# Pareto-Optimal Learning from Preferences

This repository contains code for the paper Pareto-Optimal Learning from Preferences with Hidden Context. It includes the implementation of Pareto-Optimal Learning from Preferences (POPL) and Bayesian Reward Extrapolation (B-REx) for the LLM experiments in the paper.

## Installation

1.  Install Python 3.8, 3.9, 3.10, or 3.11.
2.  Install pip requirements:

        pip install -r requirements.txt

## Data and pre-trained models

We use the data and pre-trained models from the following GitHub repository (under the `data` directory): https://github.com/cassidylaidlaw/hidden-context/tree/main/data.

## Running experiments

### Extracting Training set features

To extract last-layer features from the training set, run

    python -m popl.rex_feature_extract --model_name=meta-llama/Llama-2-7b-hf --reward_model_checkpoint=data/reward_models/relabeled_hh_rlhf/both/base_Llama-2-7b-hf__0_3e-06_cosine_1_peft_last_checkpoint --data_path=data/relabeled_hh_rlhf

### Running LLM reward inference with POPL or B-REx

To run POPL on the extracted features, run

    python -m popl.rex_main --features_dir data/reward_models/relabeled_hh_rlhf/both/base_Llama-2-7b-hf__0_3e-06_cosine_1_peft_last_checkpoint/rex_features --method lexicase --mcmc_step_size 0.05

- To run B-REx, replace `lexicase` with `brex`.

### Evaluating LLM reward models on HH-RLHF

To evaluate the LLM reward models generated by reward inference, run

    python -u popl.evaluate_hh --model_name=meta-llama/Llama-2-7b-hf --num_outputs=1 --reward_model_checkpoint=data/reward_models/relabeled_hh_rlhf/both/base_Llama-2-7b-hf__0_3e-06_cosine_1_peft_last_checkpoint --rex_mcmc_file=data/reward_models/relabeled_hh_rlhf/both/base_Llama-2-7b-hf__0_3e-06_cosine_1_peft_last_checkpoint/lexicase/mcmc_chain.txt --rex_normalize median

- Replace `lexicase` with `brex` if you are evaluating B-REx reward models.

- This script will produce `eval_results_hh.jsonl` in the `mcmc_chain` file folder with the raw outputs of the reward model for each of the response pairs in the HH-RLHF test set.

### Evaluating LLM reward models on jailbreaks

To evaluate the LLM reward models on responses to the Jailbroken prompts, run

    python -u popl.evaluate_jailbreak --model_name=meta-llama/Llama-2-7b-hf --num_outputs=1 --reward_model_checkpoint=data/reward_models/relabeled_hh_rlhf/both/base_Llama-2-7b-hf__0_3e-06_cosine_1_peft_last_checkpoint --rex_mcmc_file=data/reward_models/relabeled_hh_rlhf/both/base_Llama-2-7b-hf__0_3e-06_cosine_1_peft_last_checkpoint/lexicase/mcmc_chain.txt --input=data/jailbroken_responses.jsonl --rex_normalize median

- Replace `lexicase` with `brex` if you are evaluating B-REx reward models.

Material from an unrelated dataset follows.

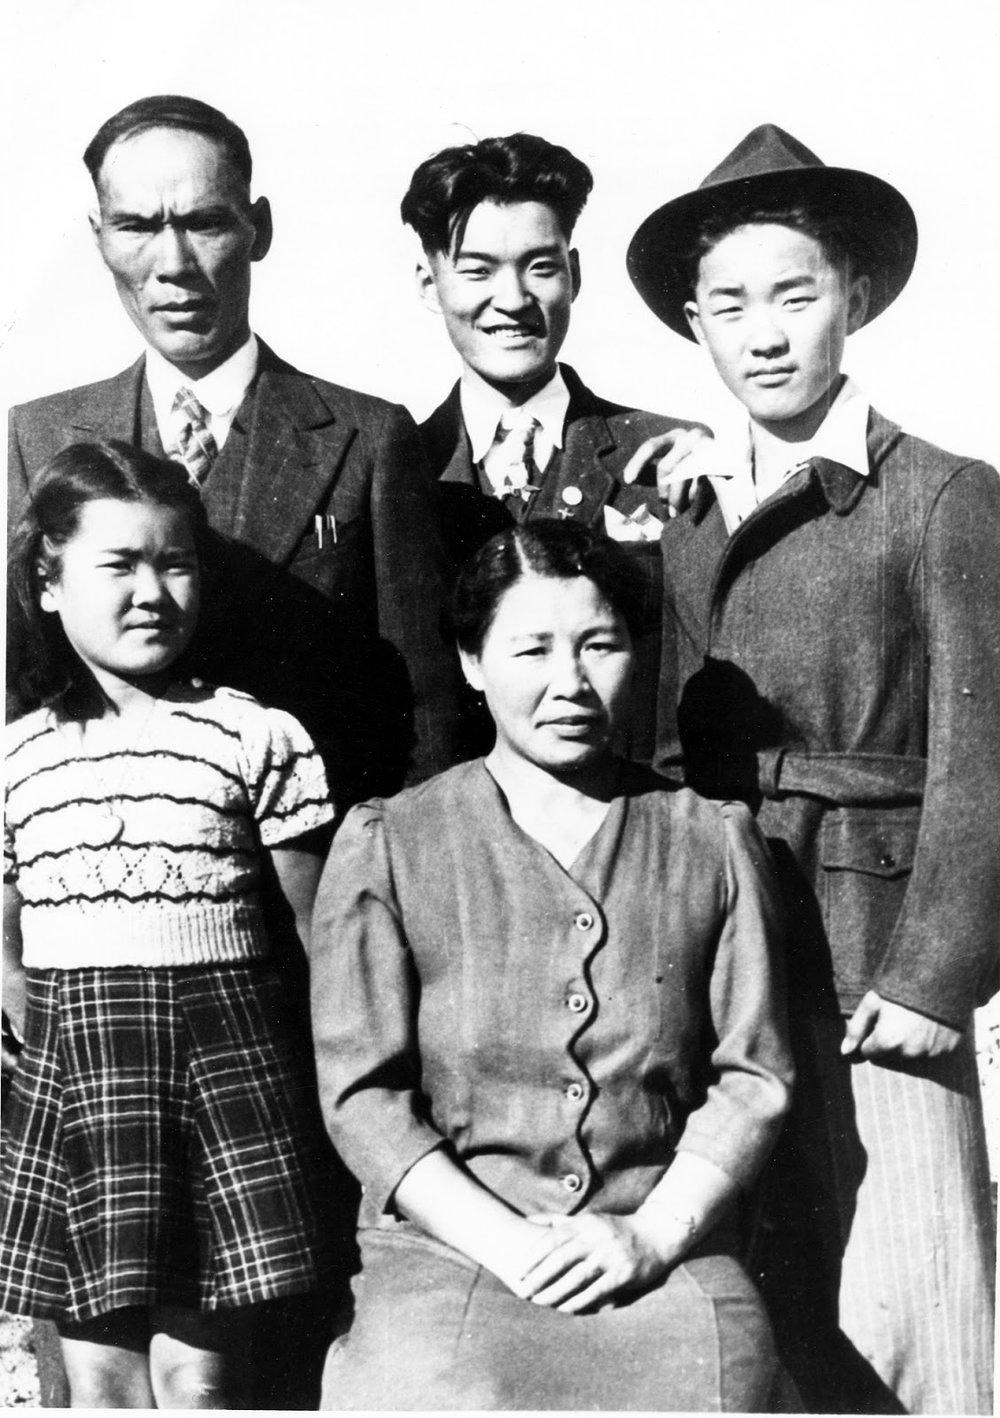 Takeyasu Family, 1943. Galt Archives 19790284003

- This script will produce `eval_results_jail.jsonl` in the `mcmc_chain` file folder with the raw outputs of the reward model for each of the jailbreak response pairs.

### Analyzing evaluations

To obtain the results in the paper on POPL/BREx with LLM reward models, run

    python -m popl.summarize_results

This will load the data from experiments (as output from the evaluation scripts above) and summarize it into the results.